> **Brief**
Images are not part of the copy; transcribe all the data exactly.

> **Data**
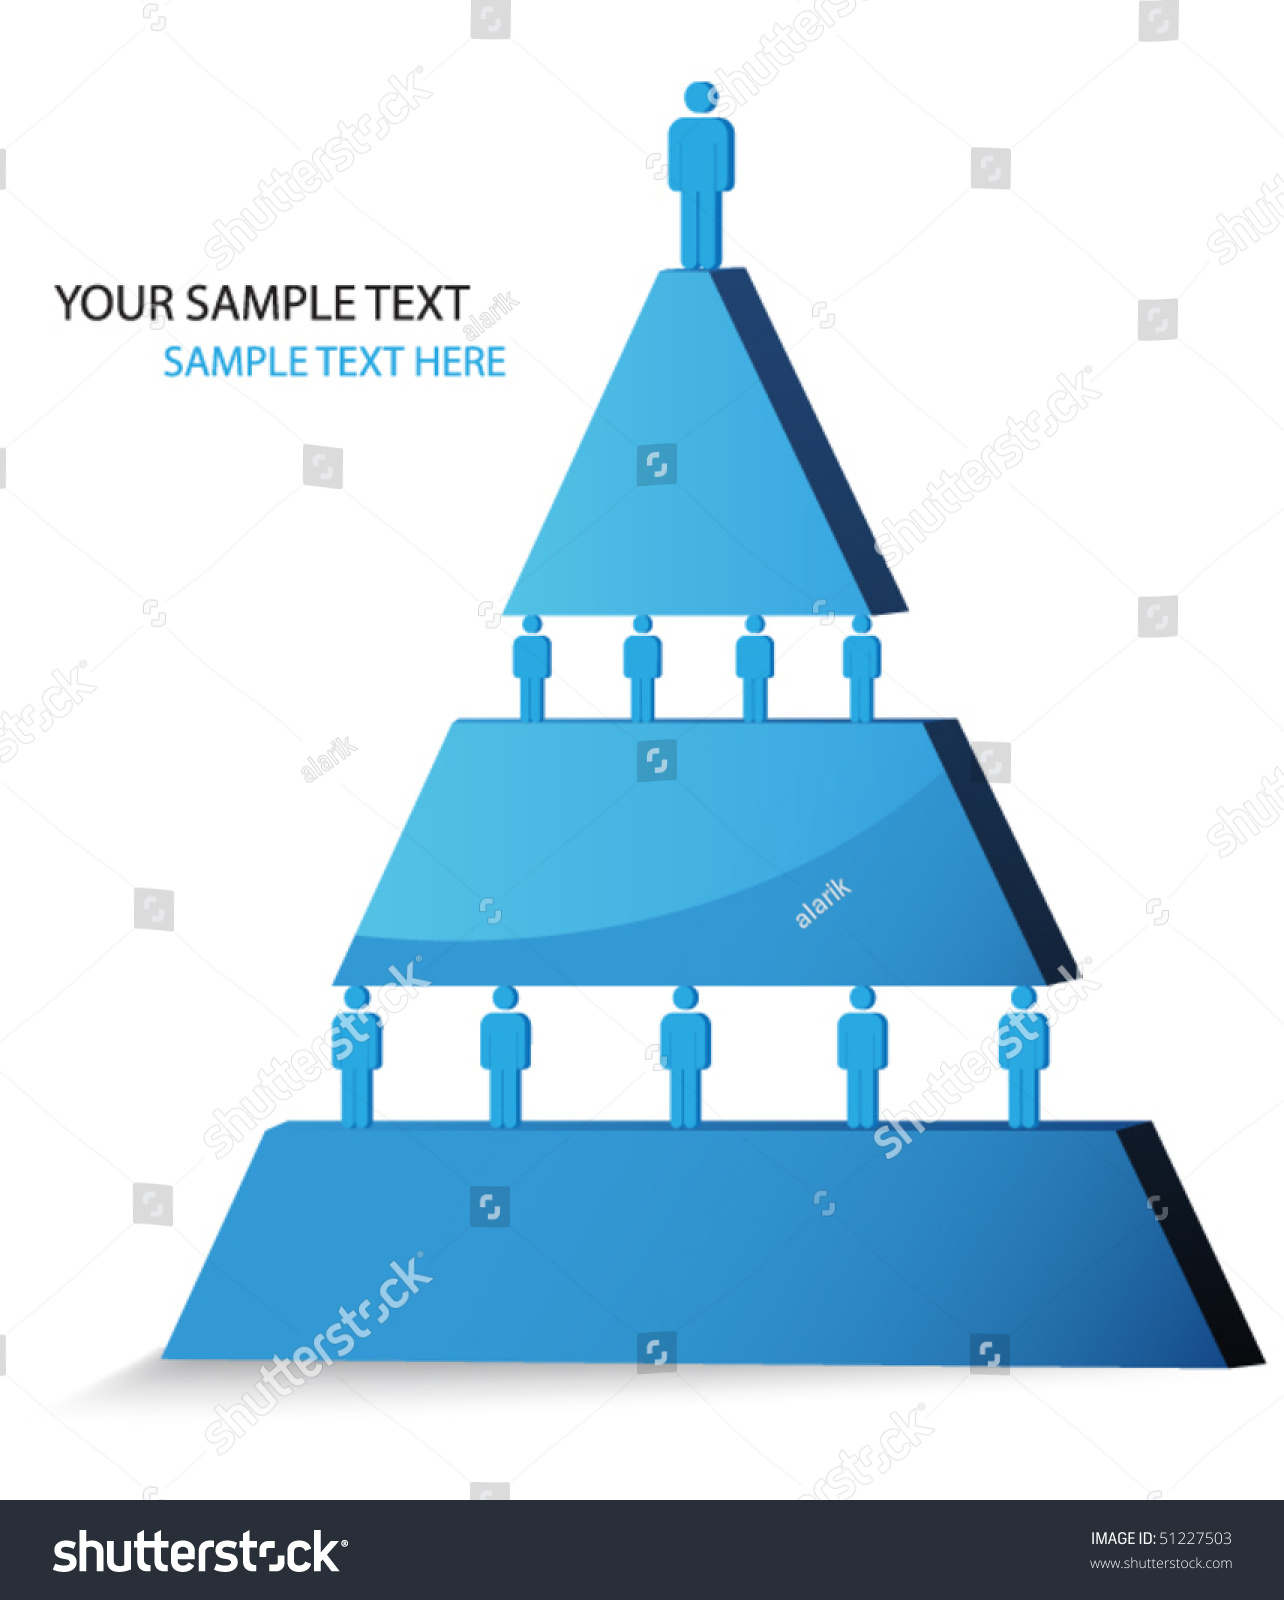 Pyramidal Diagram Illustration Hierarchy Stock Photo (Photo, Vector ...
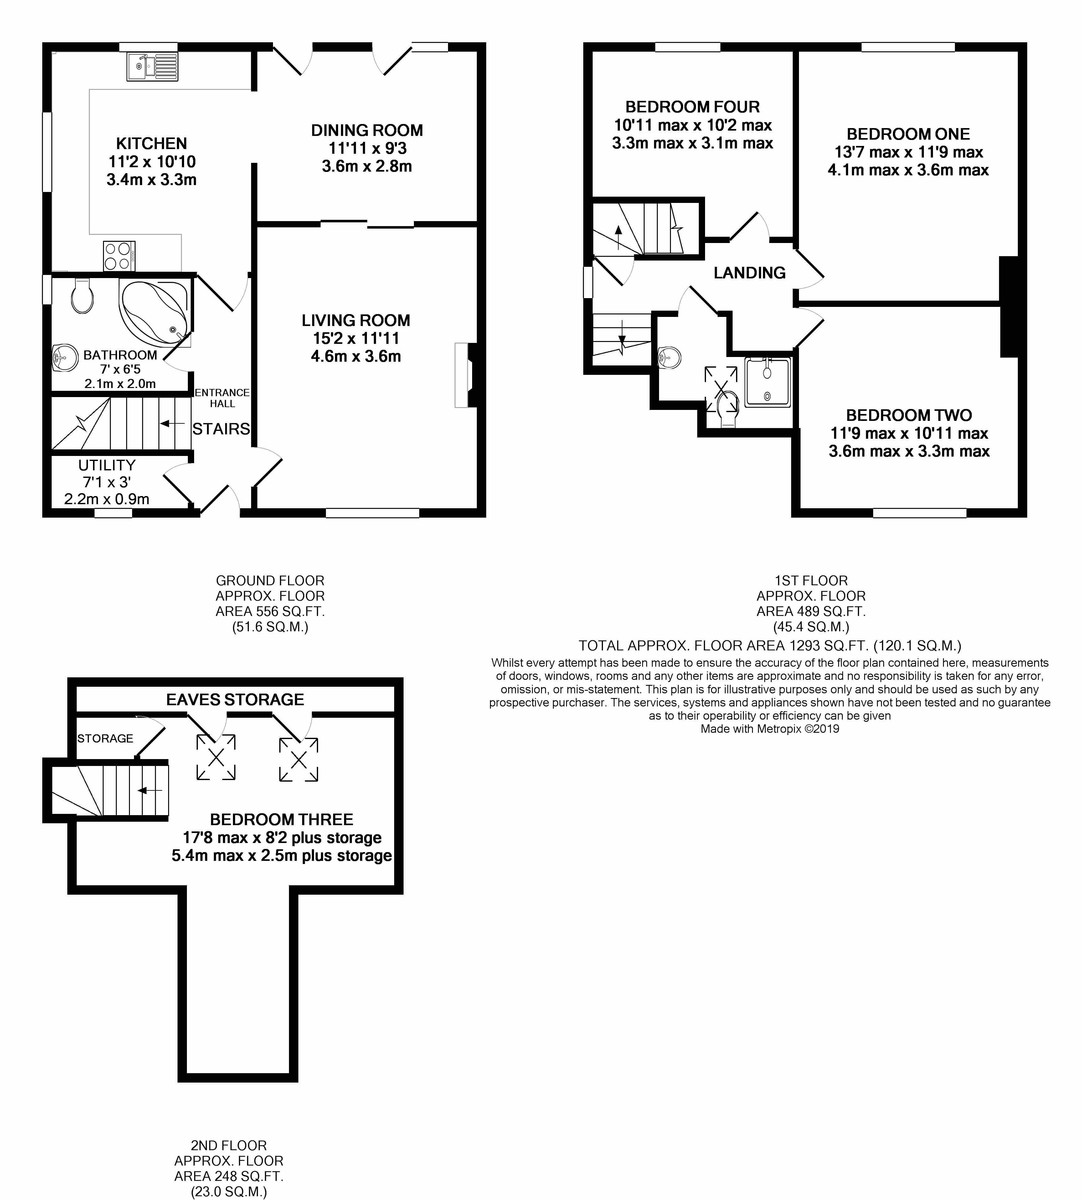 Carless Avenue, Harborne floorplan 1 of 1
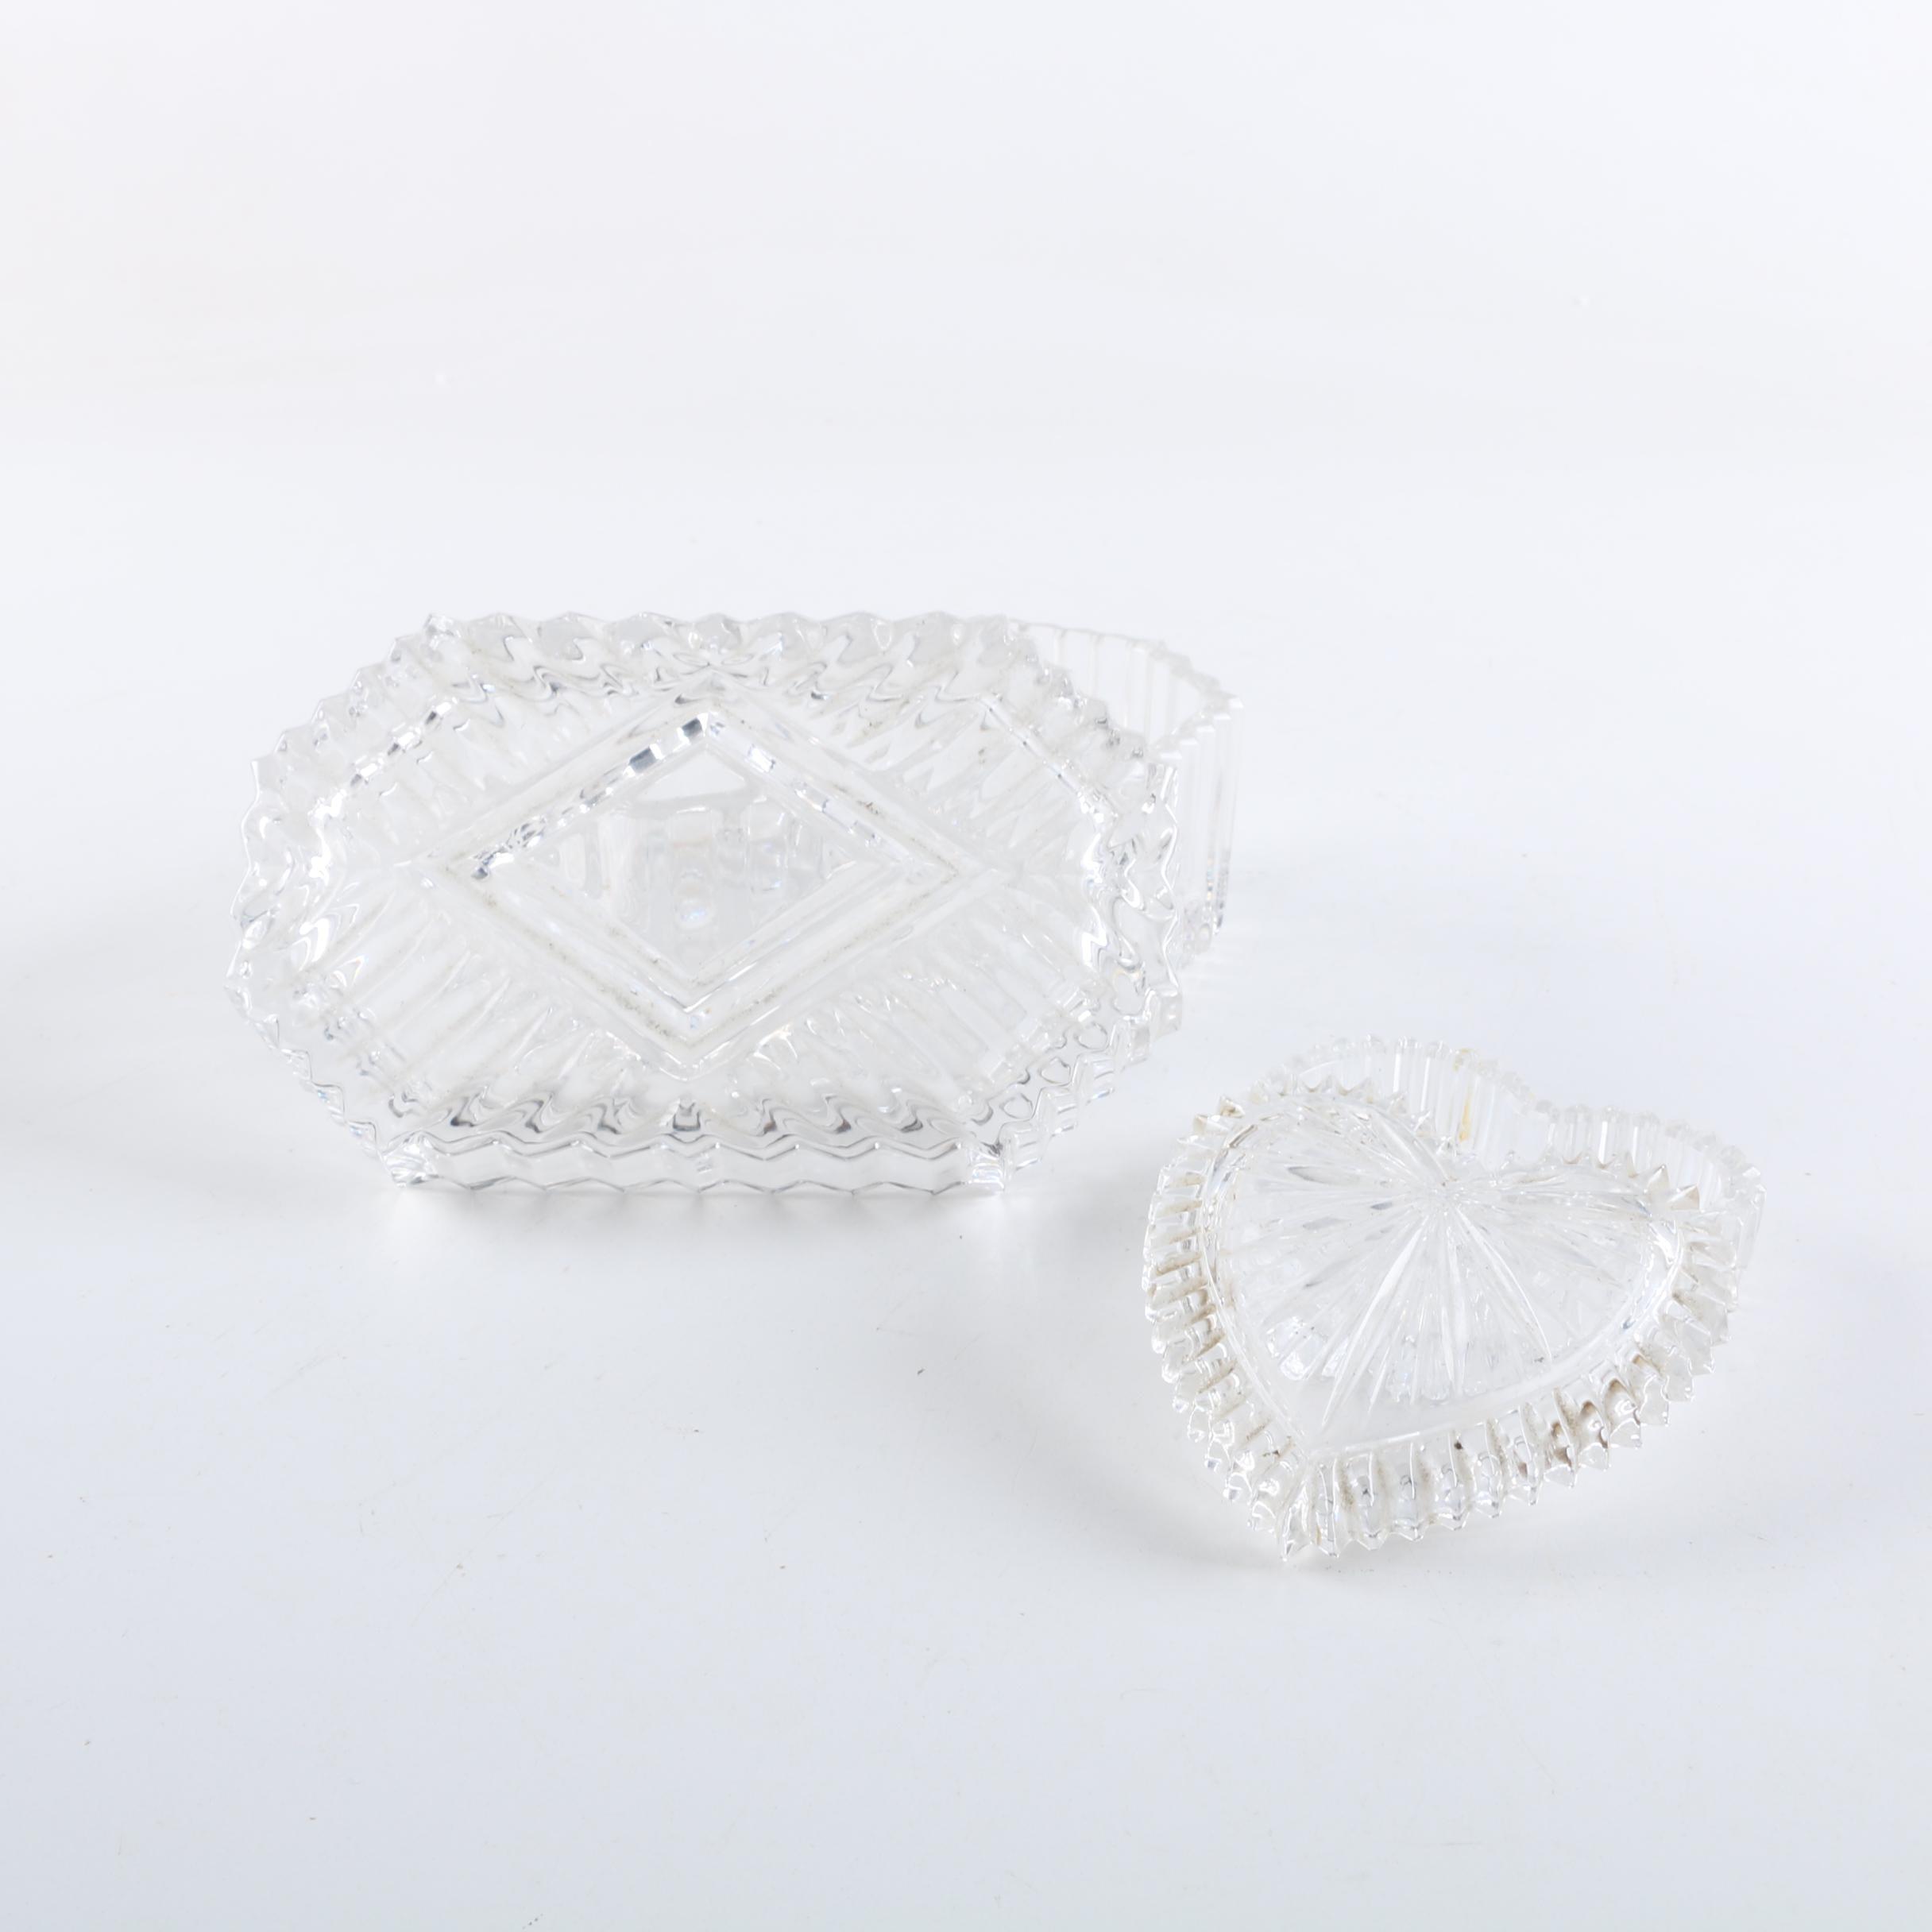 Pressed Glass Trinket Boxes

> **Solution for this task**
 Pyramidal Diagram Illustration Hierarchy Stock Photo (Photo, Vector ...
 Carless Avenue, Harborne floorplan 1 of 1
 Pressed Glass Trinket Boxes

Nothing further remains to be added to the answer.